The first cells identified as producing IL-17A were Th17 lymphocytes, driven by the differentiation of TCD4 lymphocytes, through which related substances such as IL-22, IL-26 and IL-23 are secreted that have the main function of defense against pathogens in infectious diseases, however, the existence of other types of IL-17A-producing cells, such as gamma delta (γδ) T cells, natural killer T cells (NK ), macrophages, dendritic cells, neutrophils and mast cells [7,4,17]; (Figure 2). IL-17A was isolated for the first time in 1993 from a T-cell hybridoma where the presence of unstable sequences rich in adenylate-uridylate in the 3’UTR region was identified, conferring the property of interleukin. Finally, it is important to mention that the proinflammatory effects associated with the expression of IL-17A have been previously studied due to the existing relationship with the development of autoimmune diseases such as psoriasis through the proliferation of keratinocytes and Crohn’s disease through of the promotion of intestinal inflammation, however, endothelial dysfunction associated with the activation of Rho-kinase as a promoter of cardiovascular disease has recently been explained [18-20].

METHODOLOGY

A bibliographic review was carried out through a systematic search in various data sources such as PubMed, Google Scholar, Scielo, Elsevier, Medline, among others. The selection of the article information was extracted from specialized indexed journals on the subject exposed in the English and Spanish languages between the years 2010 and 2022. Key search words such as “arterial hypertension”, “interleukin 17-A” were used “immunity”, “proinflammatory”, “relationship” and “therapeutic” identifying a total of 60 original and review publications of which 31 articles met the requirements established as inclusion criteria for research, such as that the documents were within a time range of not less than 2010, that they were integral processes and that they reported on the relationship between IL-17A and the genesis of AHT. Documents that did not present complete information at the time of the review or that were not sufficiently clear on the subject in question were excluded.

RESULTS AND DISCUSSION

Hypertension is an important risk factor for cardiovascular diseases and a multifactorial condition that affects 40% of the entire population, causing approximately 7.5 million deaths annually worldwide. According to Tanase et al. [4] despite the different medical interventions, AHT causes 62% of cerebrovascular accidents (CVA) and 38% of heart diseases in developing countries. Additionally, according to Rodríguez et al. [7] despite providing the best therapeutic options, in up to 12% of all cases the blood pressure figures cannot be controlled.

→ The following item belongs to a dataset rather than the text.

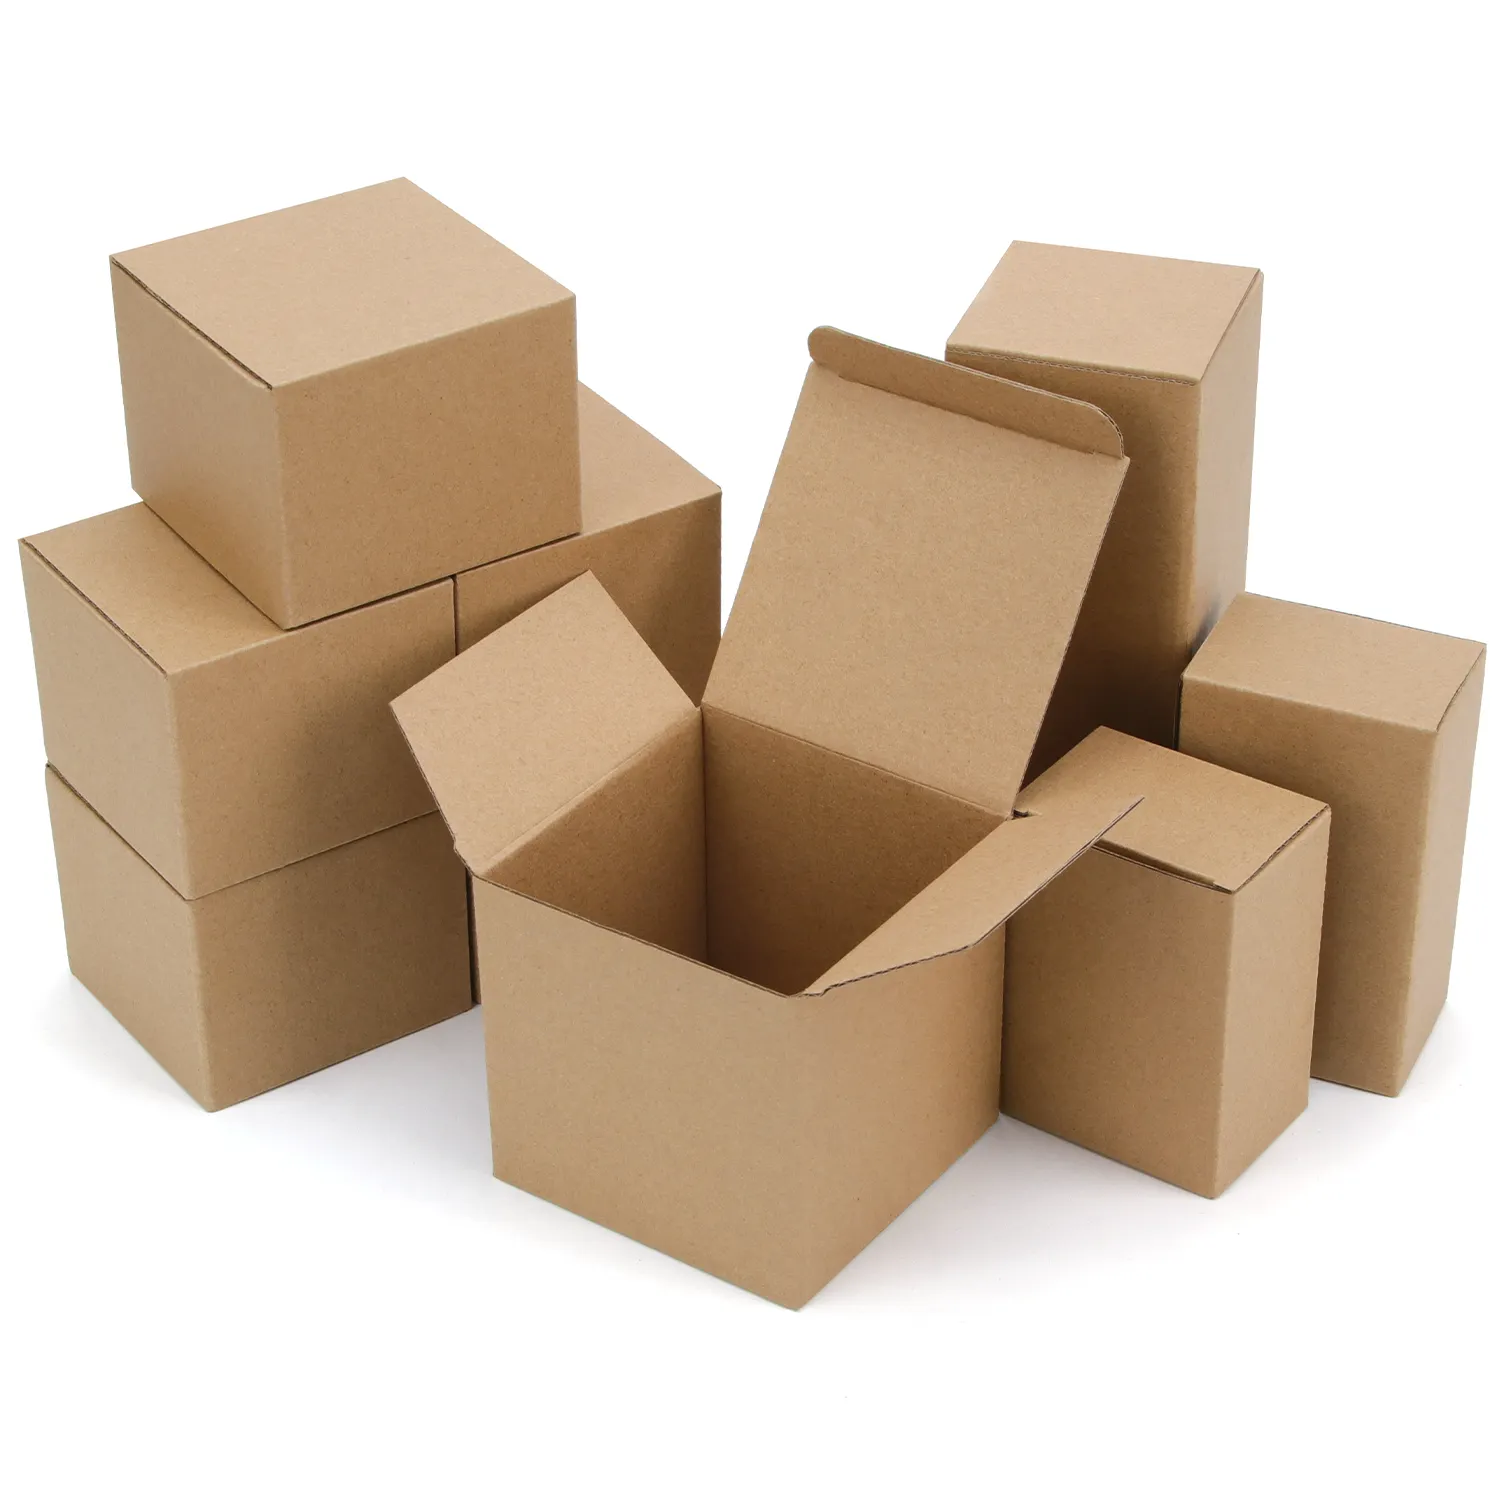 उपहार बक्से 4x4x4 ब्राउन क्राफ्ट पेपर उपहार बक्से छोटे कागज कुकी उपहार घन बक्से

The mechanisms that regulate blood pressure have been recognized as one of the main focuses of attention for the generation of investigations since they require the participation of various organs or systems. Authors such as Rodrígues et al. [2] have managed to satisfactorily demonstrate the existence of an important relationship between chronic inflammatory processes and the origin of diseases of the cardiovascular system, more specifically in the development and progression of AHT, with IL- 17A being the main focus of attention since it has been established that during the infusion of Ang-II in an animal model, an increase in the level of circulating Th17 lymphocytes occurs in the body, as well as the production of the cytokine, which promotes the development of the condition [22-24]. Supporting this hypothesis, Tanase et al. [4] ensures that inflammation promotes endothelial dysfunction and atherosclerosis through ROS, which stimulate the secretion of proinflammatory cytokines, increasing the expression of IL-6 and decreasing the availability of nitric oxide NO while Rodrígues et al. [2]; Caillon [10]; Orejudo [11] comment that this has been evidenced through the intracellular RhoA/Rho-kinase (ROCK) signaling pathway through phosphorylation of the threonine residue 495 of endothelial nitric oxide synthase (eNOS) in mouse aorta. Additionally, Rodrígues et al. [2] mention that hypertensive patients have elevated serum levels of several proinflammatory cytokines, especially IL-17A, which suggests that innate immunity, both cellular and humoral, participate in the pathogenesis of the disease.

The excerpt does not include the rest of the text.